Why does that matter? The last piece of this is using Claude Code hooks in a way where, when I post something on the fly, it can extract entities using the same rule set and then instantly look up those entities and any memories linked with them, and contextually inject them along with whatever I type into the chat box. That way I don’t have to open up a new chat and give Claude Code a bunch of context about what I’m working on.
Let me give you a concrete example, and this is a live demo. If I start a brand new clean chat and say “tell me about my friend Dan”, I happen to know I have multiple Dans in the system. If it works correctly, it should figure out that Dan is a person, hit the database, look up the potential Dans. Found them, both of them, and asks which one I meant. Because there are two, and it doesn’t want to guess. One of my rules in the system is: don’t guess, if you’re not 100% sure, verify.

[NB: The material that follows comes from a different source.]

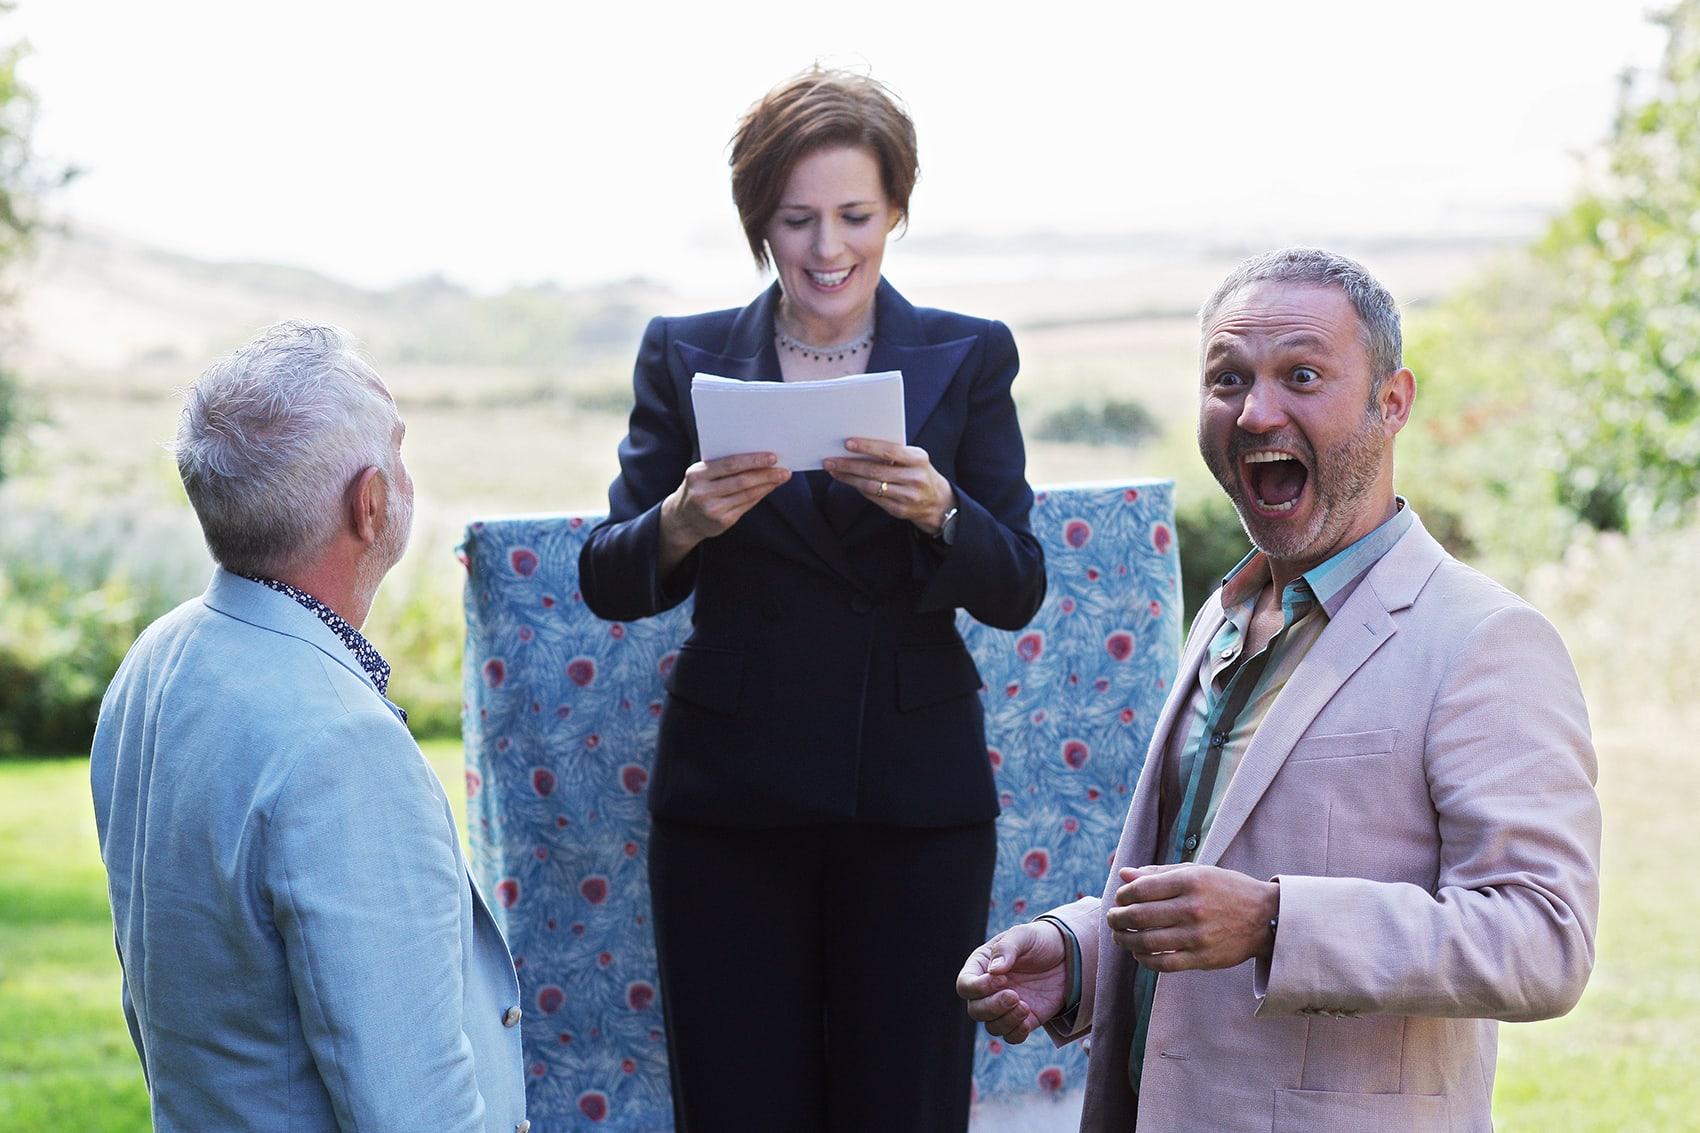 Dorset Gay Wedding Photographer same-sex marriage

If I create another example, “when is the last time I talked to Kathy?” Again, I didn’t even give it a last name. Previously I would have had to say a bunch of things about that person. If we were in a chat session from earlier that day or even a couple of days ago, I’d have to kind of rebuild it all from scratch. This found that there’s only one Kathy entity, went and found the person file in the system which includes the last contact. So in this case it wasn’t the last time I talked to Kathy, it was that she was mentioned in an email. That’s a little tweaking I can do, because I did specify “talk to” versus her showing up anywhere in the system, but you get the drift.
So thinking about memory in terms of the longest-term context, those JSONL files, the useful caught memories, and then the ability to look up memories that have a high likelihood of being relevant to the session I just started. It doesn’t just do this at the top of a new session. It’ll do it anywhere in the session. It’s going to extract memories and keep doing it.

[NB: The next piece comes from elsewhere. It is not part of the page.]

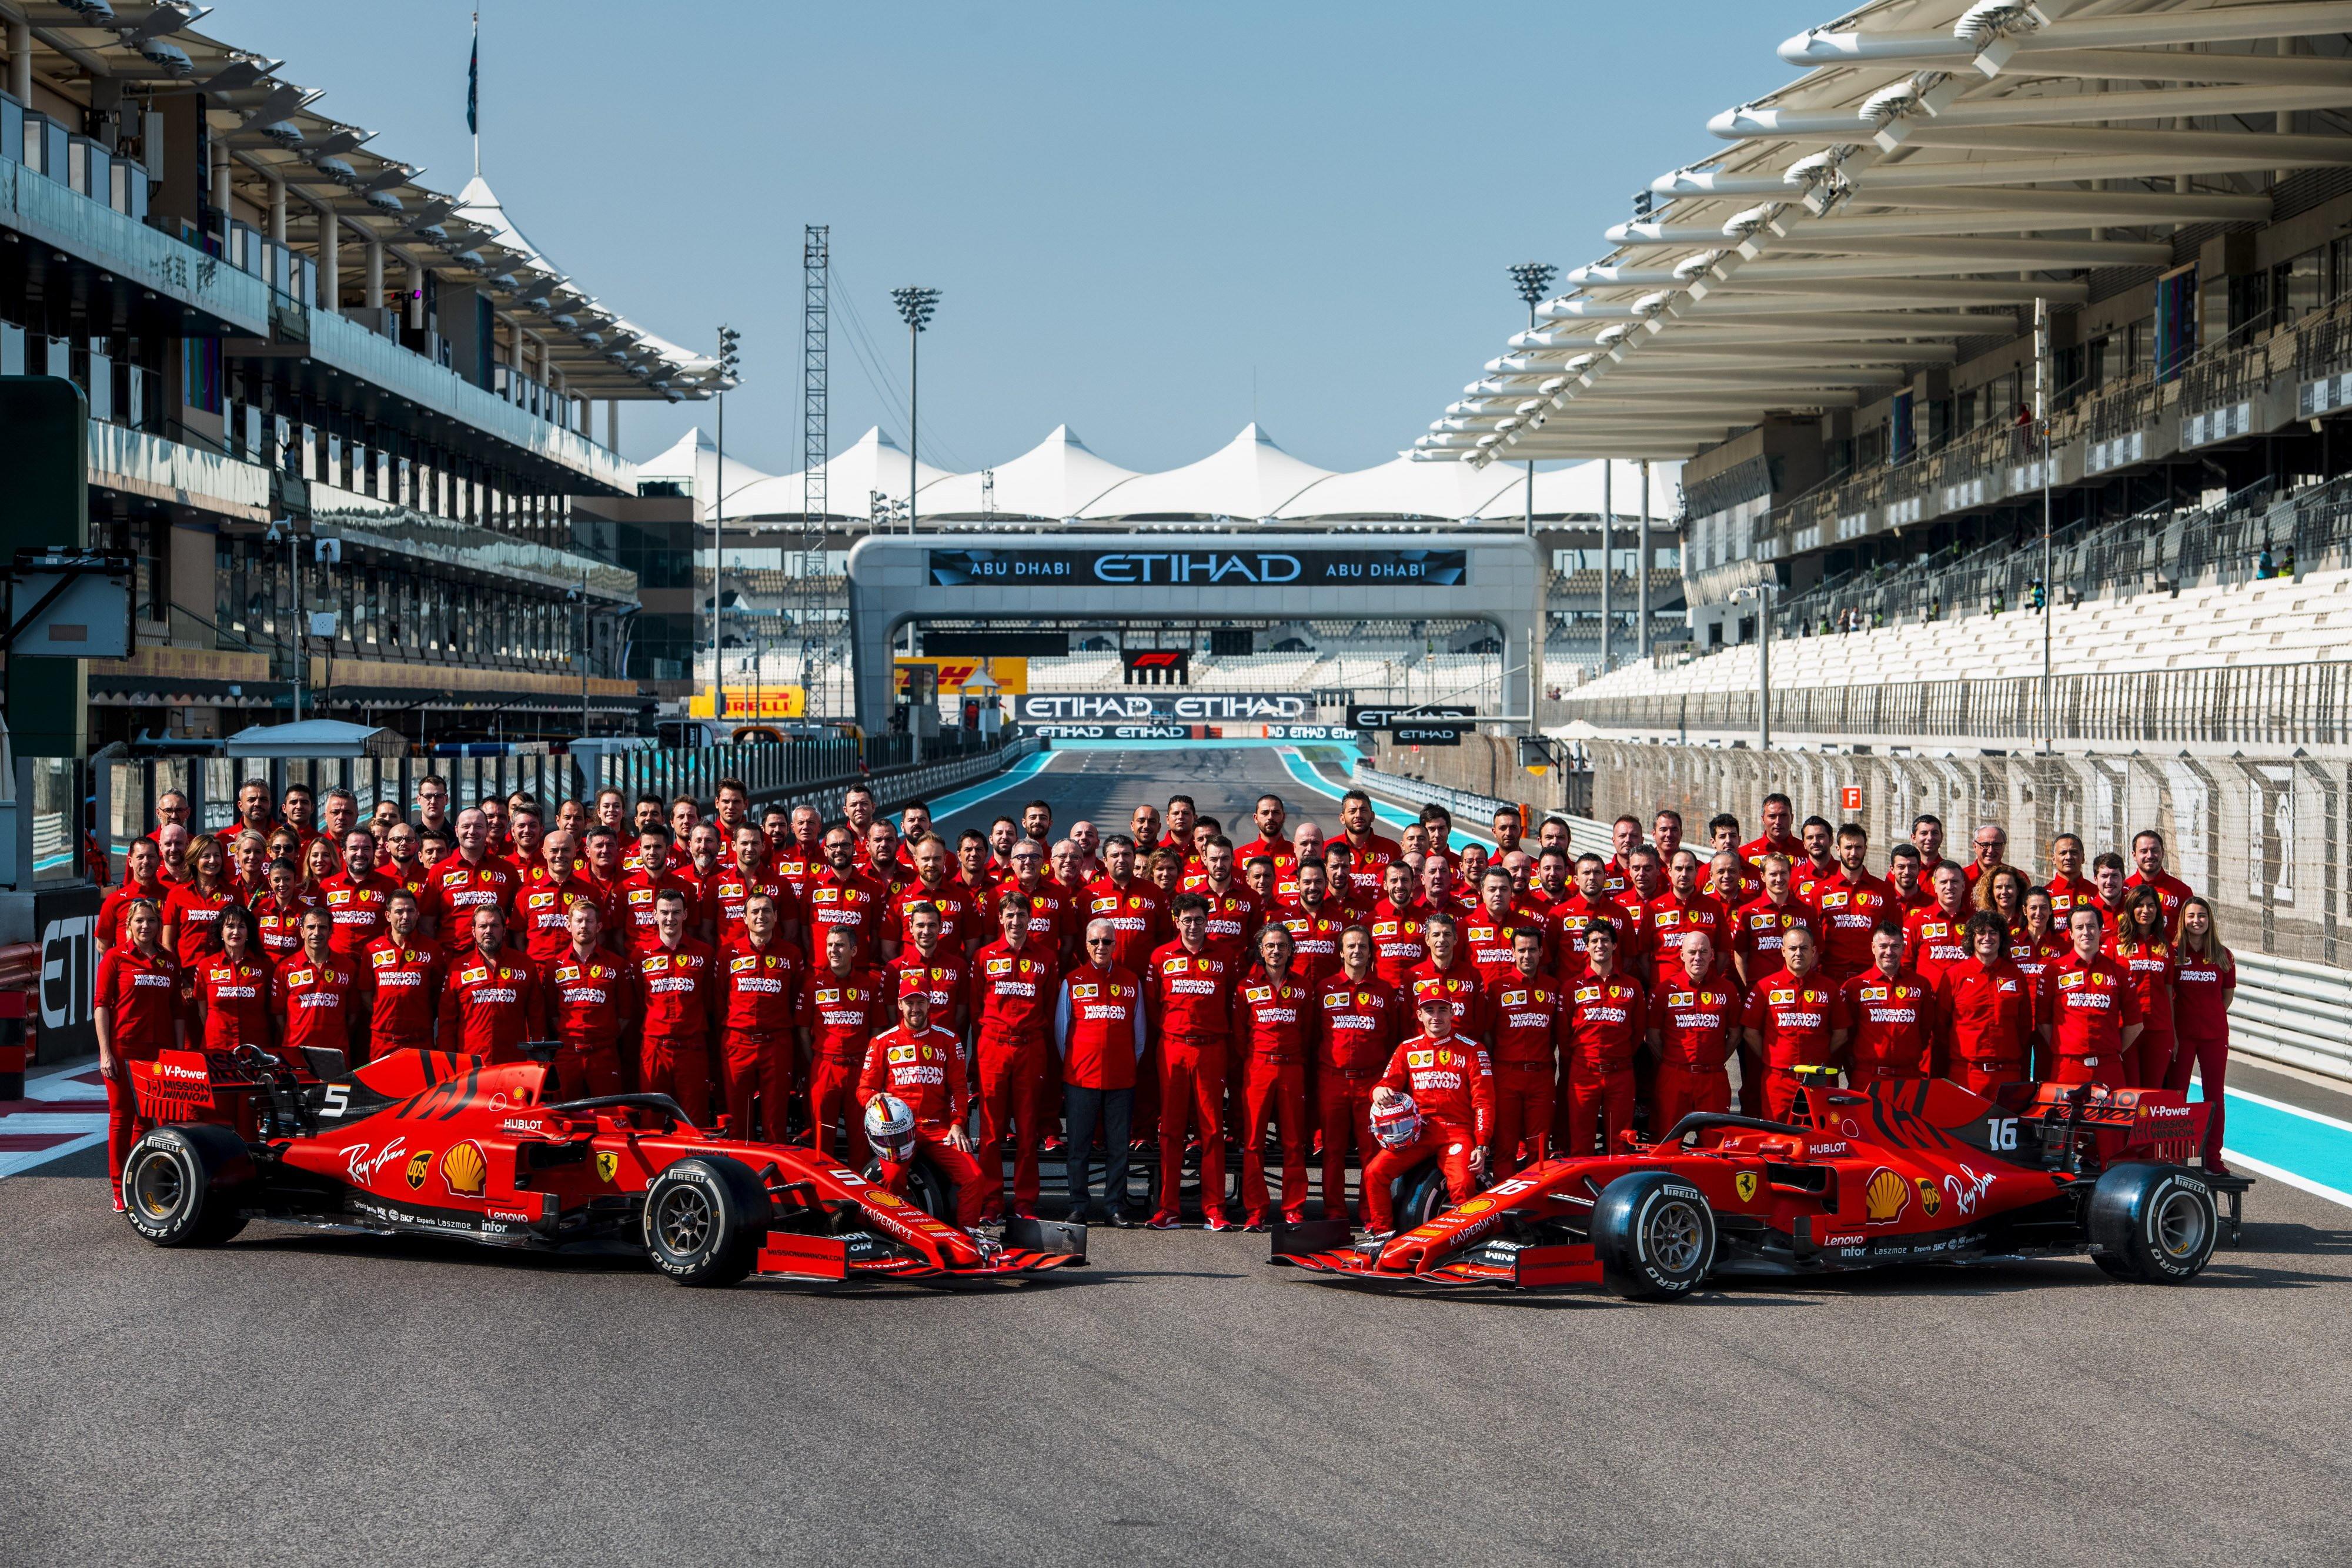 Ad Abu Dhabi, ultima gara della stagione, i team hanno posato per una foto ricordo.

This is brand new, I literally built this in the last 24 hours. It’s pretty awesome. There’s even this little thing where if it extracts a memory but doesn’t know where in the system it represents, in this case, these are partners we have, I have a file for Kent C. Dodds, who is a friend and a client, and it mentions Epic Web, but we don’t have a standalone Epic Web entity yet. I have to figure out what that means, whether I want to or not. This lets me ignore it or type ahead to resolve it.
It does the same thing with files. If I’m talking about a particular problem area, it can look at the last time I talked about that problem area or part of the app or feature, and instead of having to scan for all the files, it can look at what files we touched last time we worked on this, and save a bunch of time and tokens while doing it.
Again, this doesn’t even have a vector search component to it. I had a great call with my buddy Joel Hooks this morning and a bunch of his crew from Egghead. Joel has some cool open source stuff I’m going to try out as adding a vector layer to this, to see what that unlocks, because my last two attempts I’m pretty sure I was just doing vector stuff wrong. We’ll see, that’ll be an update in the future.
So that is the evolution of a very powerful but also very simple text-based memory system, and a much more sophisticated one that I’m evolving toward. My plan is to keep running them in parallel, and at some point in the future I may merge them or keep them separate if they generate notably different results. Otherwise they’ll end up being sort of one and the same. I really do kind of like the simplicity and the beauty of the flat file-based one. That’s my update for the day.